People don’t like it when you violate causality
Remember the example from “writes follow reads”?
[id0]
e1. q.get() -> []
e2. q.get() -> ["A: Hello"]
e3. q.add("A: Hello")
Note that we can come up with valid vis and ar relations for this history:
- vis = {(e3,e2)}
- ar = e1->e3->e2
But, despite the fact that we can come up with an explanation for this history, it doesn’t make sense to us, because e3 happened after e2. You can see why this is also referred to as session causality, because it violates our sense of causality: we read a write that happened in the future!

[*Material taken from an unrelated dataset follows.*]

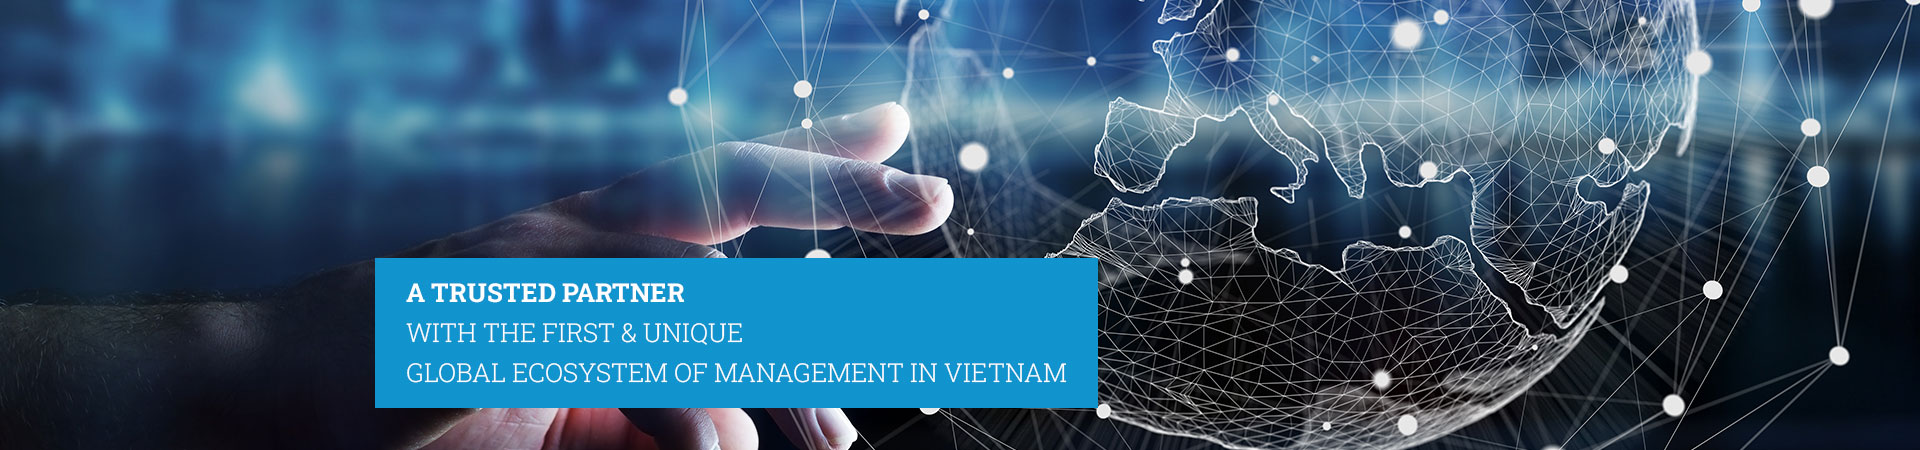 Global ecosystem of management in Vietnam

This is a great example of one of the differences between programming and formal modeling. It’s impossible to write a non-causal program (i.e., a program whose current output depends on future inputs). On the other hand, in formal modeling, we have no such restrictions, so we can always propose “impossible to actually happen in practice” behaviors to look at. So we often have to place additional constraints on the behaviors we generate with formal models to ensure that they’re actually realizable.
Sometimes we do encounter systems that record history in the wrong order, which makes the history look non-causal.

Consistency as constraints on relations
The elegant thing about this relation-based model of execution histories is that the consistency models can be expressed in terms of them. Burckhardt conveniently defines two more relationships.
Session-order (so) is the ordering of events within each session, expressed as: so = rb ∩ ss
Happens-before (hb) is a causal ordering, in the sense of Lamport’s Time, Clocks, and the Ordering of Events in a Distributed System paper. (e1,e2) is in hb if (e1,e2) is in so (i.e., e1 comes before e2 in the same session), or if (e1,e2) is in vis (i.e., e1 is visible to e2), or if there’s some transitive relationship (e.g., there’s some e3 such that (e1,e3) and (e3,e2) are in so or vis.
Therefore, happens-before is the transitive closure of so ∪ vis, which we write as: hb = (so ∪ vis)⁺ . We can define no circular causality as no cycles in the hb relation or, as Burckhardt writes it: NoCircularCausality = acyclic(hb)
If you made it all of the way here, I’d encourage you to check out Burckhardt’s Principles of Eventual Consistency book. You can get the PDF for free by clicking the “Publication” button the web page.